The Handmaid's Tale by Margaret Atwood
4.0

Given the level of hype surrounding this book, I went in skeptical but still came out shell-shocked. I am a huge fan of speculative dystopian novels (especially those in the vein of Octavian Butler), and Margaret Atwood provides the reader with an insightful look at the dangers of complacency.

The main character is someone you could describe a regular person with no desires to stand out or rock the boat. Then a regime roles in that strips her and others of so many fundamental rights. She hopes for change, but does not march, does not protest, and generally complies with the newly imposed status-quo. There is no fundamental character arch where she becomes the change she wants to see in the world, and that is perhaps what makes this haunting narrative so believable.

The main character's latter interaction with Moira, was especially fascinating. While at her core Moira is a feminist lesbian who lives to stick it to the man, even in Gilead she too has been beaten down. Offred exacerbates, "I don't want her to be like me. Give in, go along, save her skin. That is what it comes down to. I want gallantry from her, swash-buckling, heroism, single-handed combat. Something I lack."

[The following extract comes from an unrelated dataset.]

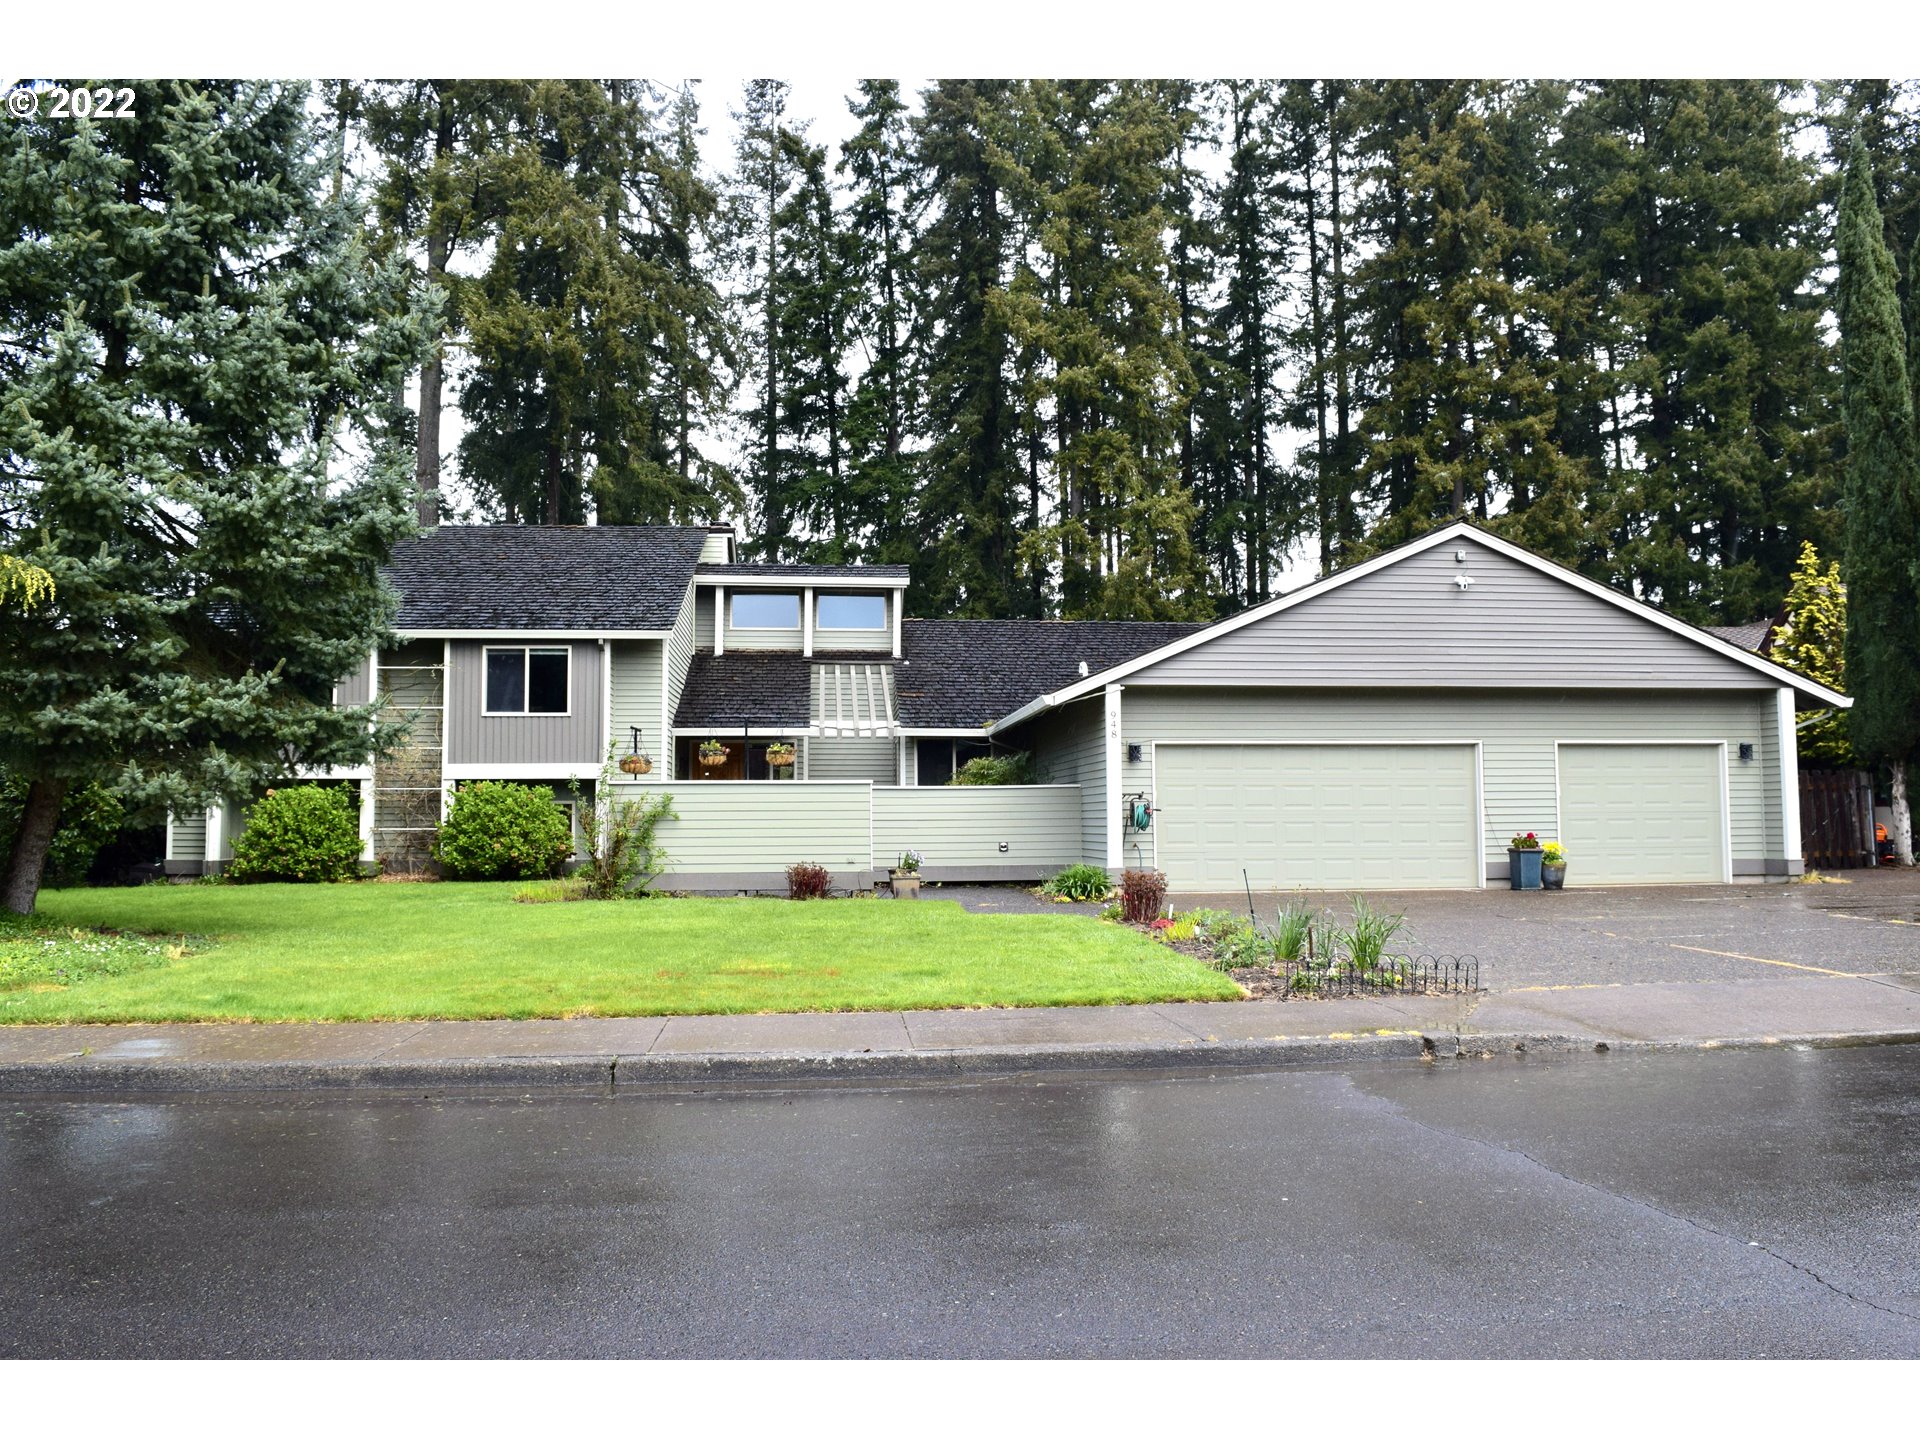 948 NW 170TH DR, Beaverton, OR 97006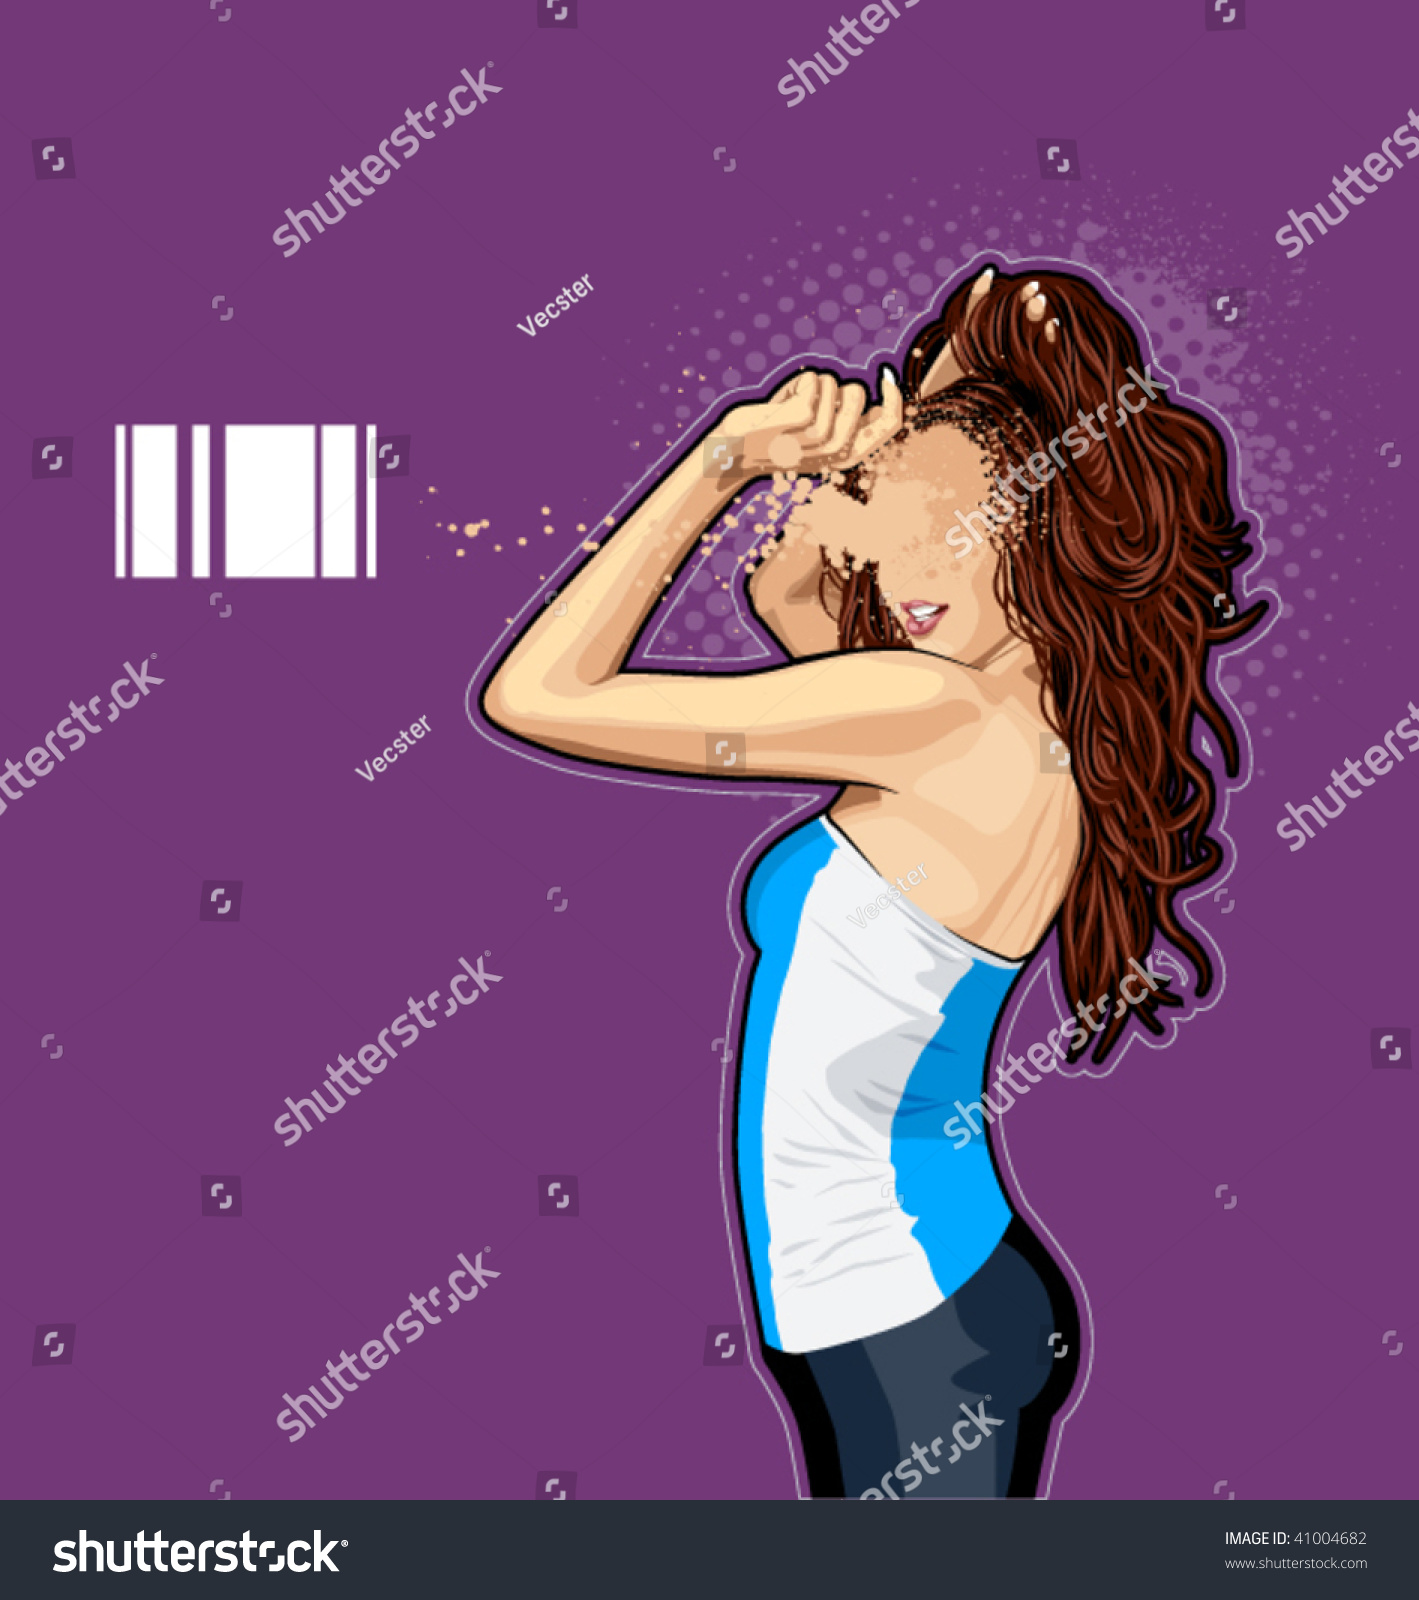 Abstract Sexy Girl Vector Illustration Stock Vector Royalty Free 41004682 Shutterstock 6165

Most readers hope for these very morals and values in their main characters, but real people are complex, contradictory, messy, and far from heroic. Most people want to live in a society with the benefits of civil rights hard fought by "social justice warriors," without having to themselves put in the work or potentially end up conveyed as a radical dissenter.

Complacency is dangerous; we cannot just expect other, better people to safeguard our own civil rights. In this day and age, given the rise of xenophobic populism, no one should settle for complacency.